Imagine a bacon-wrapped Ferrari. Still not better than our free technical reports.
See all our reports

Java Parallel Streams Are Bad for Your Health!

This post continues the series that started with sneaky default methods in interfaces, which when used unwisely can cause your application to turn into a code mess that you don’t want to look at.

As we claimed previously, Java 8 delivers three major features everyone is eager to use: Lambdas, stream API and default methods in interfaces. Sadly, all of them can easily be abused and can actually be a detriment to your code if you add them to your toolbelt.

Today, we will look at the stream API, specifically parallel streams. If you want to get an overview of the pitfalls that await you with serial stream processing, check out this post on the jOOQ blog by Lukas Eder.

But for now let’s focus on the parallel execution that the stream API is praised for. Allegedly, it might speed up some tasks your application executes by utilizing multiple threads from the default ForkJoinPool.

Mousetrap of parallel streams

Here’s a classic example of the awesomeness that parallel streams promise you. In this example we want to query multiple search engines and return the output from the first to reply.

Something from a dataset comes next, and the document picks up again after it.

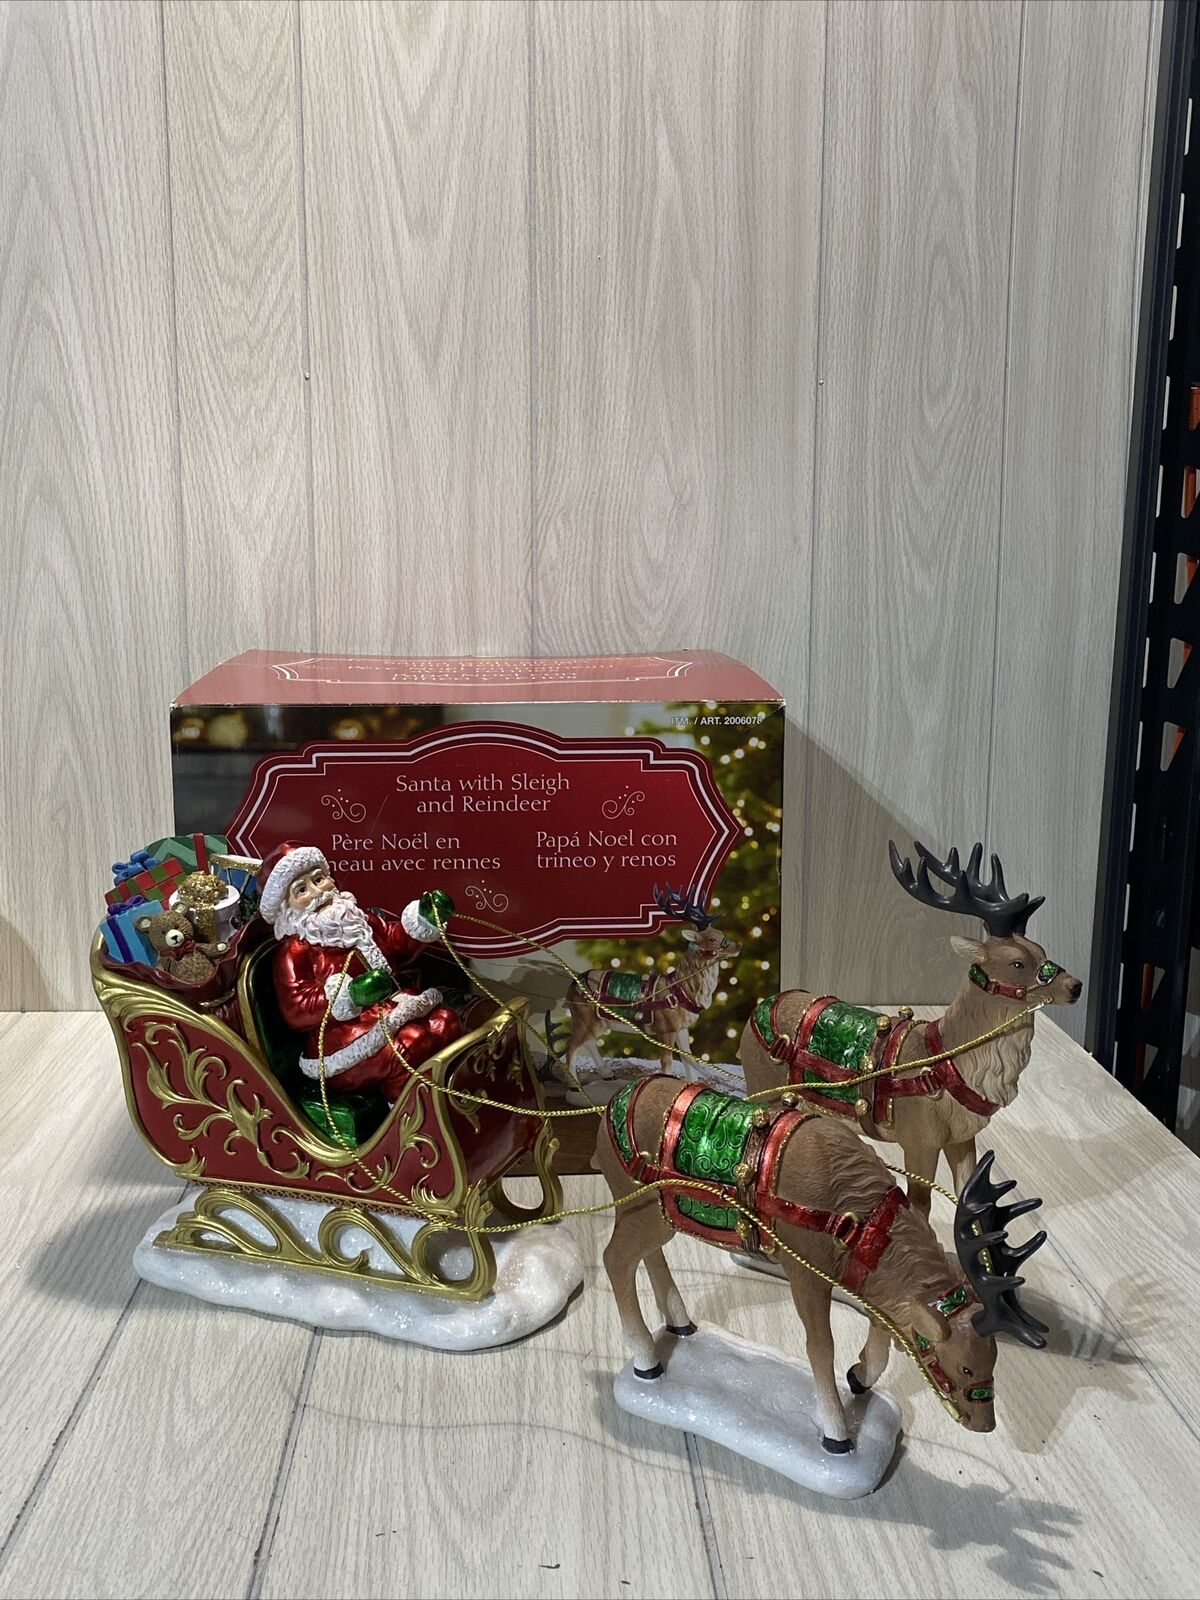 Costco Exclusive 9” Santa with Sleigh & Reindeer Tabletop Centerpiece Figures

public static String query(String question) {
    List<String> engines = new ArrayList<String>() {{
      add("http://www.google.com/?q=");
      add("http://duckduckgo.com/?q=");
      add("http://www.bing.com/search?q=");
    }};   
    // get element as soon as it is available
    Optional<String> result = engines.stream().parallel().map((base) -> {
      String url = base + question;
      // open connection and fetch the result
      return WS.url(url).get();
    }).findAny();
    return result.get();
  }

Nice, isn’t it? But let’s dig a bit deeper and check what happens in the background. Parallel streams are processed by the parent thread that ordered the operation and additionally by the threads in the default JVM’s fork join pool: ForkJoinPool.common().

However, an important aspect to notice here is that querying a search engine is a blocking operation. So at some point of time every worker thread will call the get() operation and sit right there waiting for the results to come back.

Hang on, isn’t this what we wanted in the first place? Instead of going through the list and waiting for each url to respond sequentially, we wait on all of the responses at the same time. Saving your time, just like using JRebel does (sorry couldn’t resist :-) ).

However, one side-effect of such parallel waiting is that instead of just the main thread waiting, ForkJoin pool workers are. And given the current ForkJoin pool implementation, which doesn’t compensate workers that are stuck waiting with other freshly spawned workers, at some point of time all the threads in the ForkJoinPool.common() will be exhausted.

Which means next time you call the query method, above, at the same time with any other parallel stream processing, the performance of the second task will suffer!

However, don’t rush to blame the ForkJoinPool implementation, in a different use case you’d be able to give it a ManagedBlocker instance and ensure that it knows when to compensate workers stuck in a blocking call. And get your scalability back.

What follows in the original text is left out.